Even if she has a house to live in, and until she has an exact amount of inheritance deposited into her personal bank accounts, she has to keep working unless she is physically unable to work or at least can get the maximum social security payout.
I know this is not what she wants to hear, but it is true.
My own Mom's story as a cautionary tale, FWIW, because I think it may be very similar to your Mom's situation. TLDR: my mom was just like your mom and she is now, 15 years later, realizing she's really out of money . . . advise strongly NOT to retire!
At 62, here is what she had:
-a completely paid off house (that she later sold for $230K)
-about $60K in savings accounts (CD's).
-an older Corolla
-personal/household items, a couple of dogs, and a cat
-her health . . . absolutely no health problems, and strong enough to work a shipping and receiving dock.
-the promise of inheriting "the farm"
About "the farm": when this promised inheritance came, it would be split 3 ways with her siblings. No idea what the farm was worth or who actually owned the farm, but she seemed certain she would eventually get some money from it. At the time, there was an arrangement for a farmer external to the family to work the farm and keep a cut of the profits for his labor, so it generated about $25K a year in income that was all put towards my Grandma's nursing home care (she was in her late 80's)
Like your mom, she had only a small amount of qualification for social security because she had been part time and/or self employed teacher for many years, only working about 15 years at low wages for other employers. I don't know exactly what she gets from social security, but it can't be much as she never earned a lot - for example, one of the full time jobs she had for about 5 years while I was in HS I know she was bringing home $300 per week. She just didn't work in jobs that paid into social security for very many years, and as far as I know she never had a 401K. No pension.
Like your Mom, my Mom was not thrilled with her low paying jobs and was anxious to quit working as soon as possible. She was also paranoid about the govt and convinced that what little she could get from Soc Sec would disappear if she didn't get what she could right away (at least this was how she rationalized her very poor decision). So, she quit working for the man and started drawing Soc Sec the first minute she could at 62.
Within a couple of months she realized this wasn't enough to live on even with her paid off house and the money she had in the bank, so she made a half hearted effort at restarting her work-from-home, self-employed hustle. This never really got off the ground due to her anachronistic tendencies like refusing to hook up an answering machine or get a mobile phone. Within 5 years, she gave up and just declared that she was fully retired. If she had waited to draw soc sec until this point, she would have been rewarded with a bigger monthly check.
When Mom got to her late 60's, Grandma died and she did inherit her share of the farm. She wanted to keep it and use her share of the small income to stay afloat, and she needed it for things like property taxes so she could stay in her home, but her siblings were anxious to sell it to augment their own retirement home purchases, so they sold.
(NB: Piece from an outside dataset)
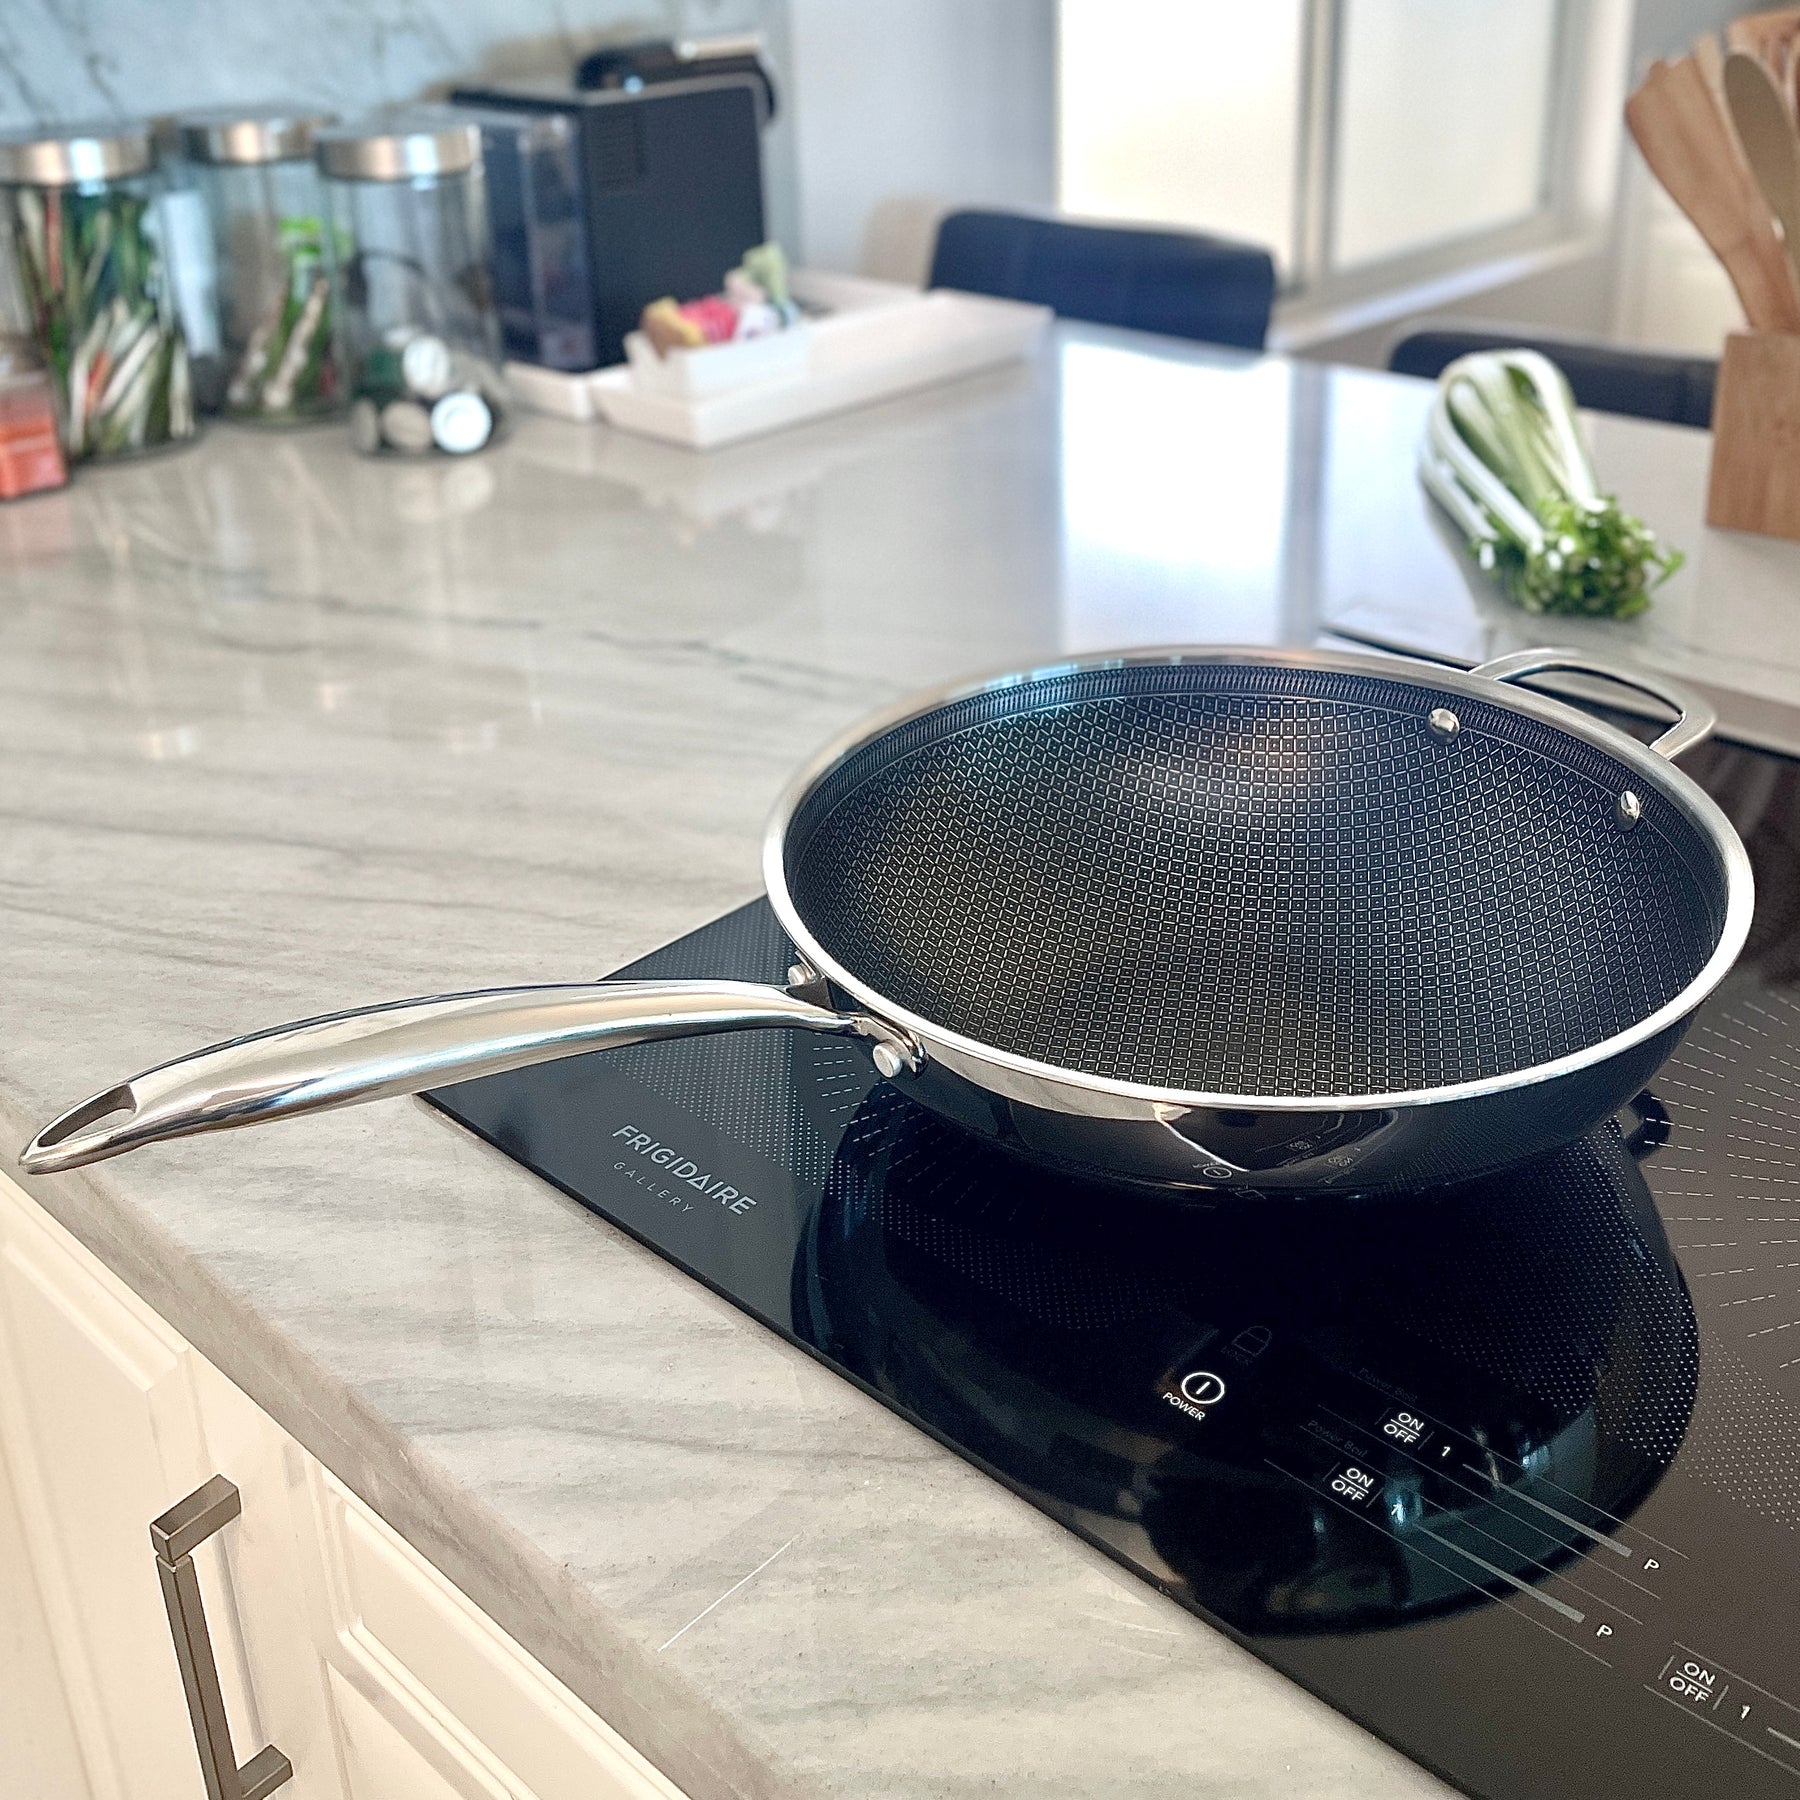 HexClad Hybrid Nonstick Wok, 10-Inch, Stay-Cool Handle, Dishwasher Safe,  Induction Ready, Compatible with All Cooktops: Home & Kitchen

That money, however much it was, was "less that she had hoped," but it kept her afloat for another few years.
She is insanely frugal . . . which I will refrain from posting about . . . but also her savings were getting eaten up by property taxes, utilities, medicaid supplement, and food. She had no money to make home repairs, so her house starting slowly falling down around her from deferred maintenance. Based upon the money the flipper who bought her house eventually made reselling it, her home lost about $80K in value over the dozen years she lived there in her 60's and early 70's due to lack of any maintenance or upkeep. This seems to happen a lot with older people. My brother did a complete kitchen renovation for her, so her kitchen was modern and gorgeous with new custom cabinets, but everything else was falling down. By the time she moved out, for example, the interior paint was 40 years old; she refused our offer to paint everything for her during the kitchen remodel saying she doesn't like paint fumes. When the realtors suggested coat of fresh interior paint before putting it on the market, she simply said she couldn't afford it.
The sale of her home was necessitated by her running out of savings entirely. By 75, she was still healthy as a horse, but her money was completely gone. Thankfully, her small, dilapidated home was in a relatively HCOL area. By selling it and moving to a similar sized but newer home in my brother's LCOL area, she was able to clear a little liquid savings again. . . she volunteered that she's back to having $60K in the bank last time I talked to her, and she is now in her late 70's.
Her mother and both of her grandmothers lived well into their 90's, and she has absolutely no health problems at this time. She refuses to work, although she is mentally still all there and could probably get a job as greeter at the local WalMart or something similar. Her social security check is tiny and she regrets drawing it back in her early 60's now that she realizes she really does need the slightly bigger monthly check.
She tells me she has finally realized she really is just going to run out of money. Oh well.